START Recorded data

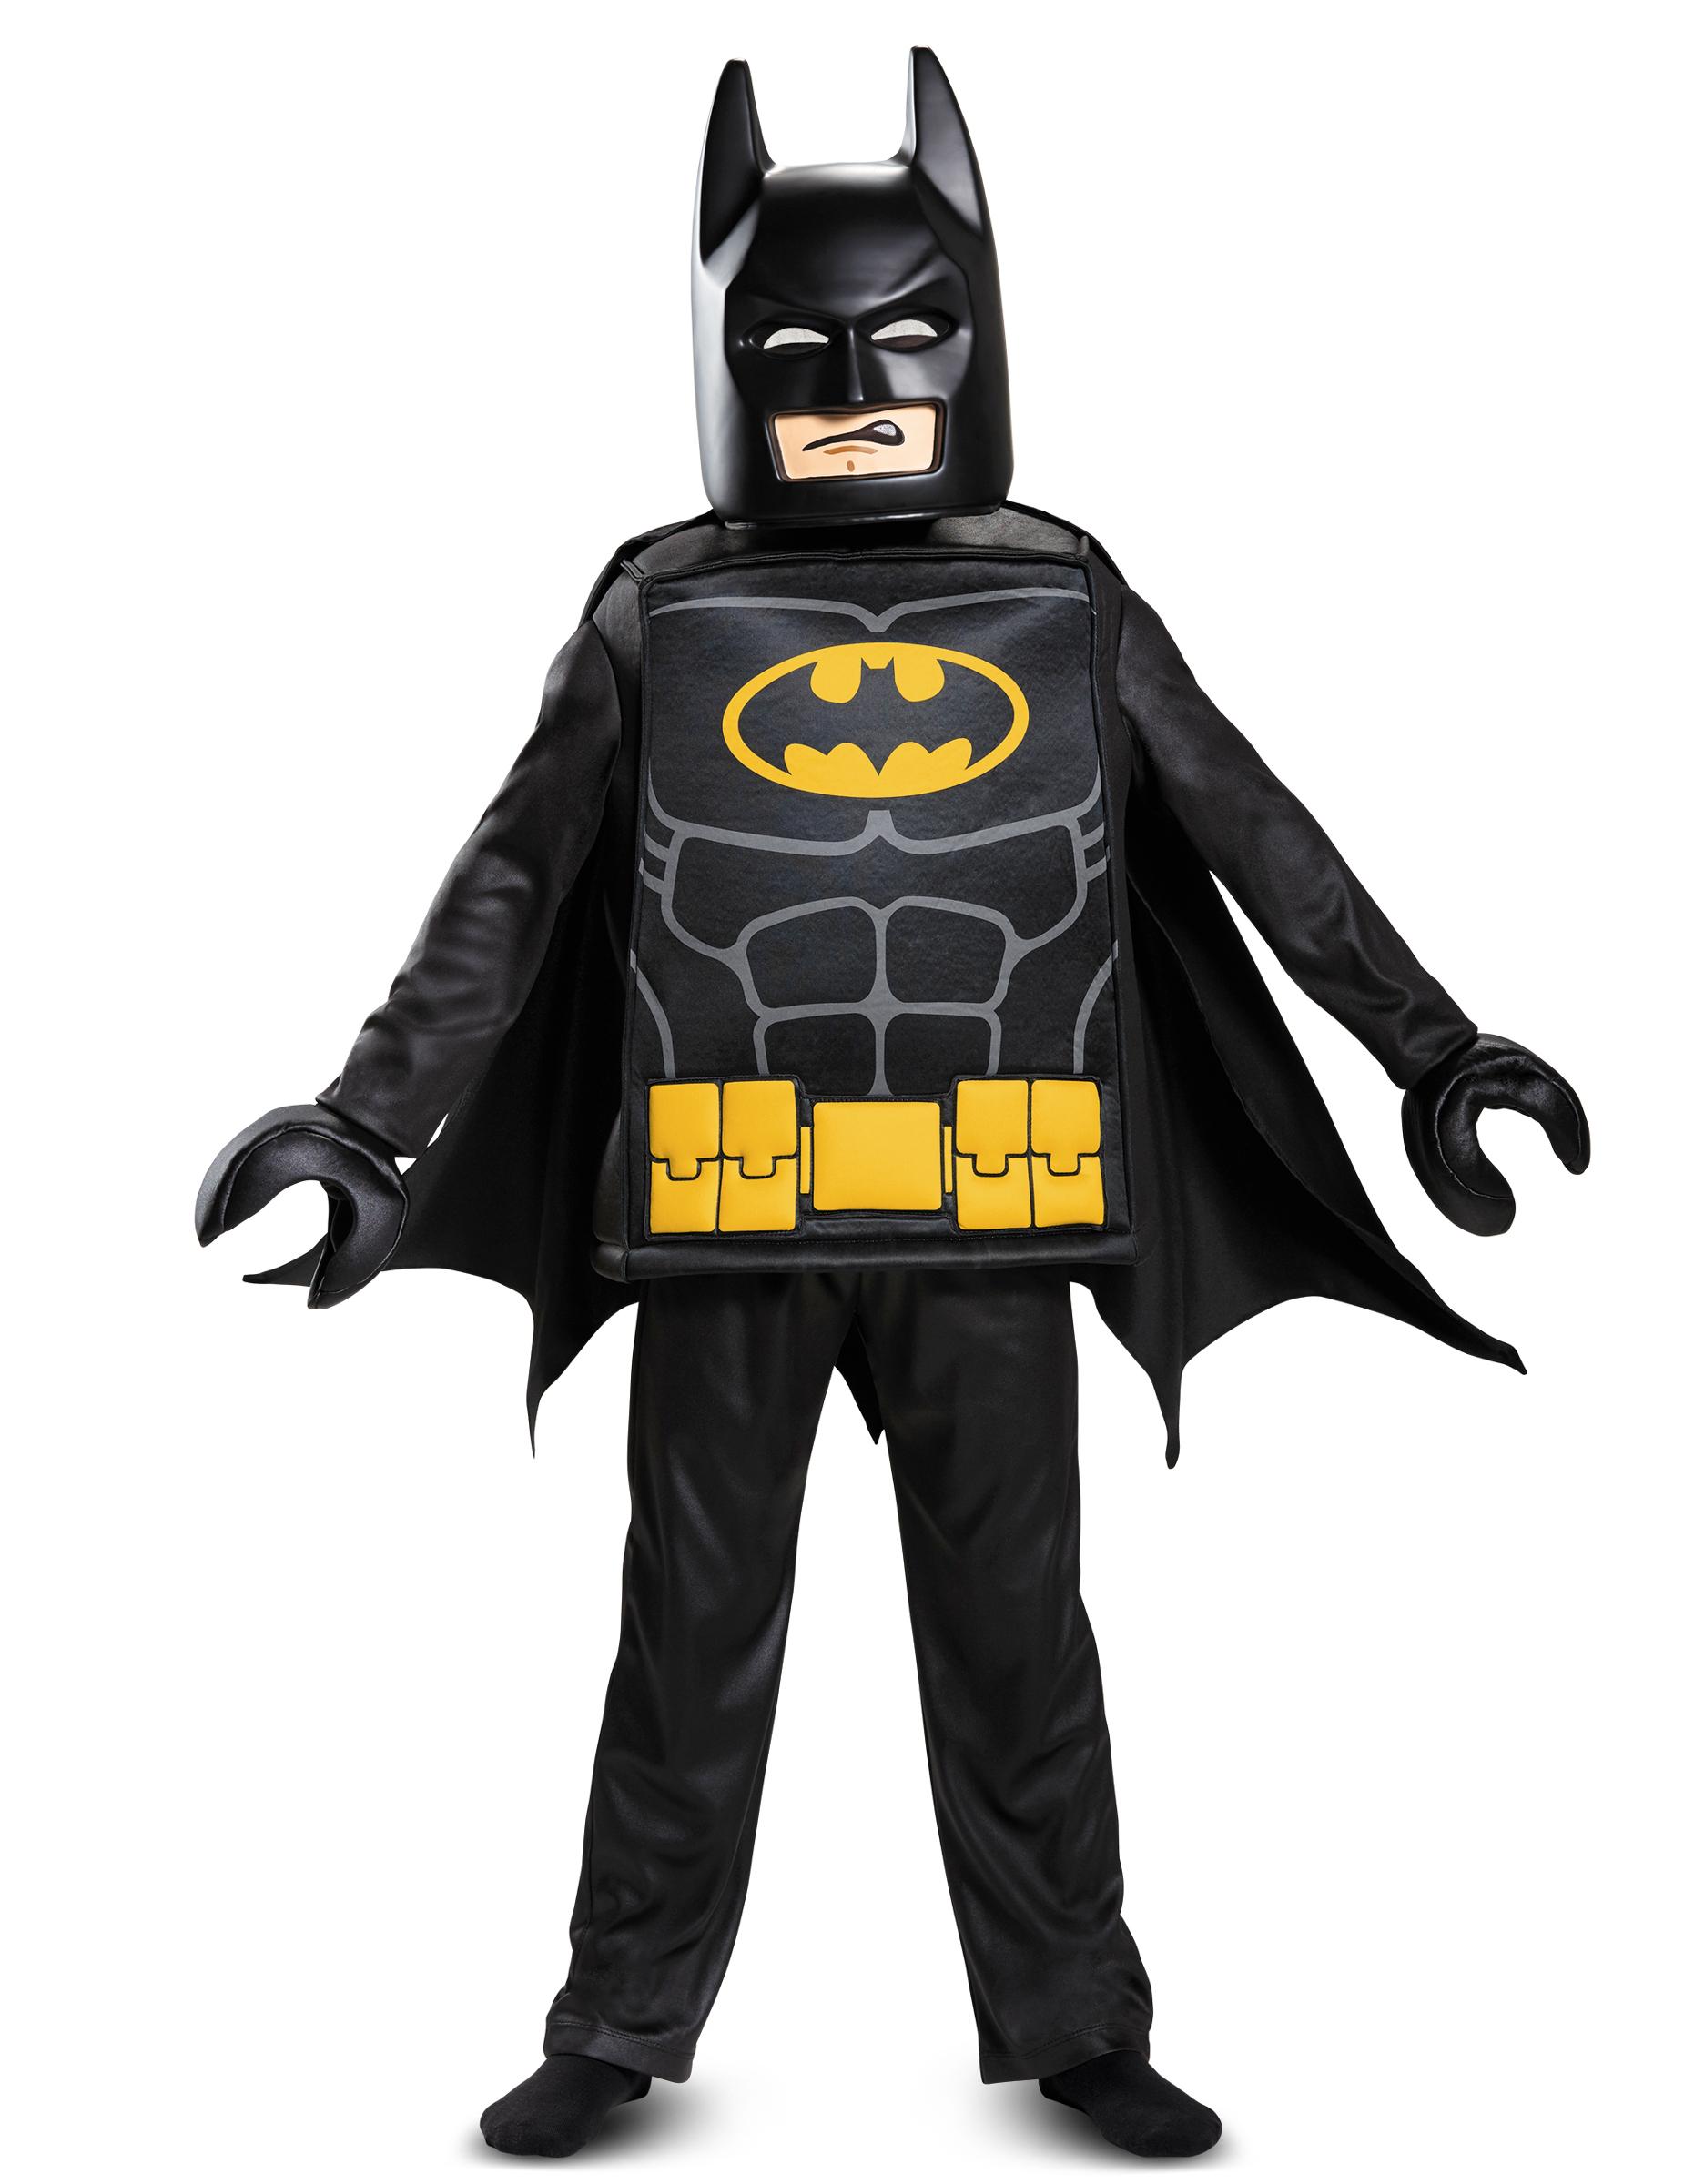 D guisement deluxe batman lego movie enfant achat de d guisements enfants sur vegaoopro - Deguisement tete de lego ...
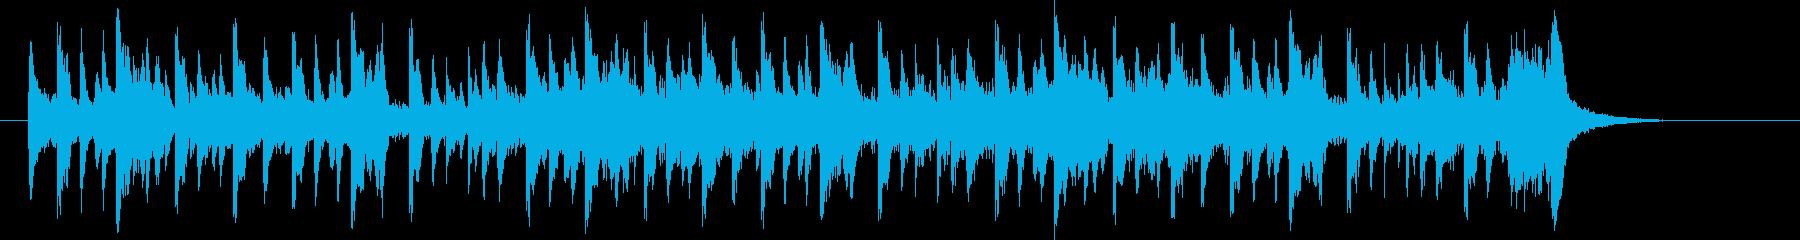 クールでロックなかっこいいジングル曲の再生済みの波形
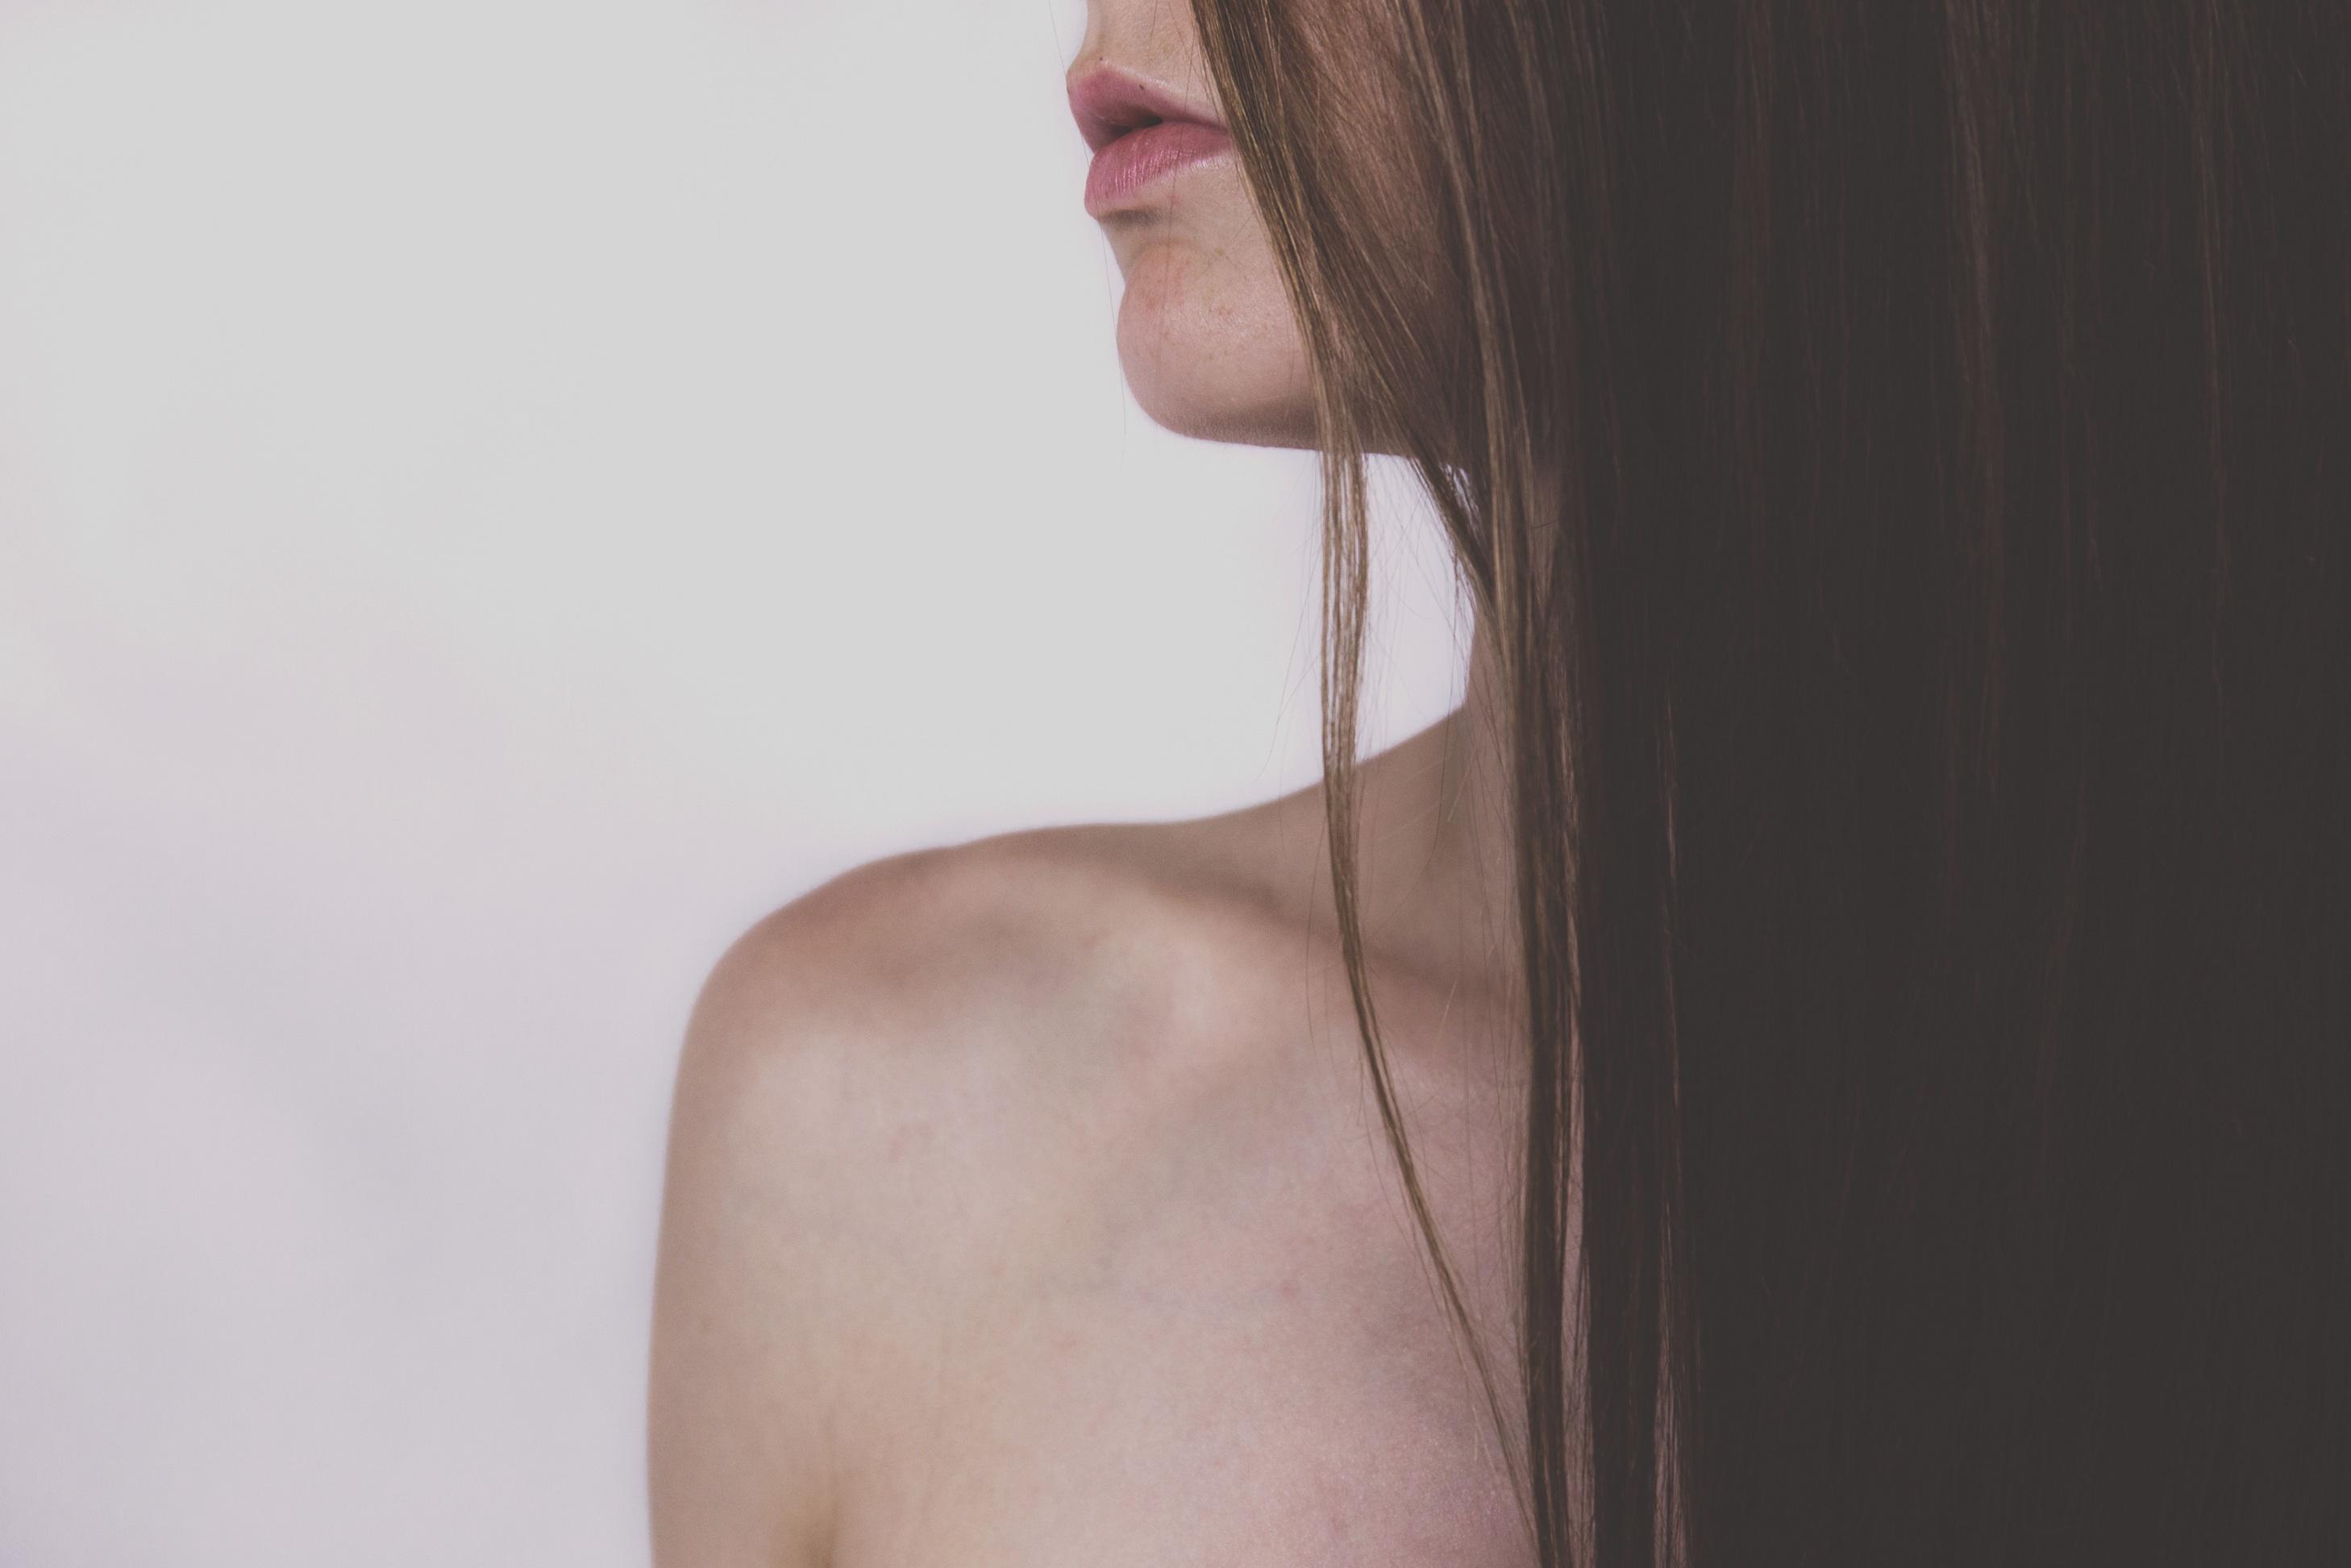 routine capillaire, prendre soin de ses cheveux, huiles essentielles cheveux, no poo, cheveux vegan, vegan 06, coiffeur vegan

END Recorded data

#### [Directions for this task]
Omit the pictures, then set down all the remaining data exactly as given.

#### [Response to this task]
 D guisement deluxe batman lego movie enfant achat de d guisements enfants sur vegaoopro - Deguisement tete de lego ...
 クールでロックなかっこいいジングル曲の再生済みの波形
 routine capillaire, prendre soin de ses cheveux, huiles essentielles cheveux, no poo, cheveux vegan, vegan 06, coiffeur vegan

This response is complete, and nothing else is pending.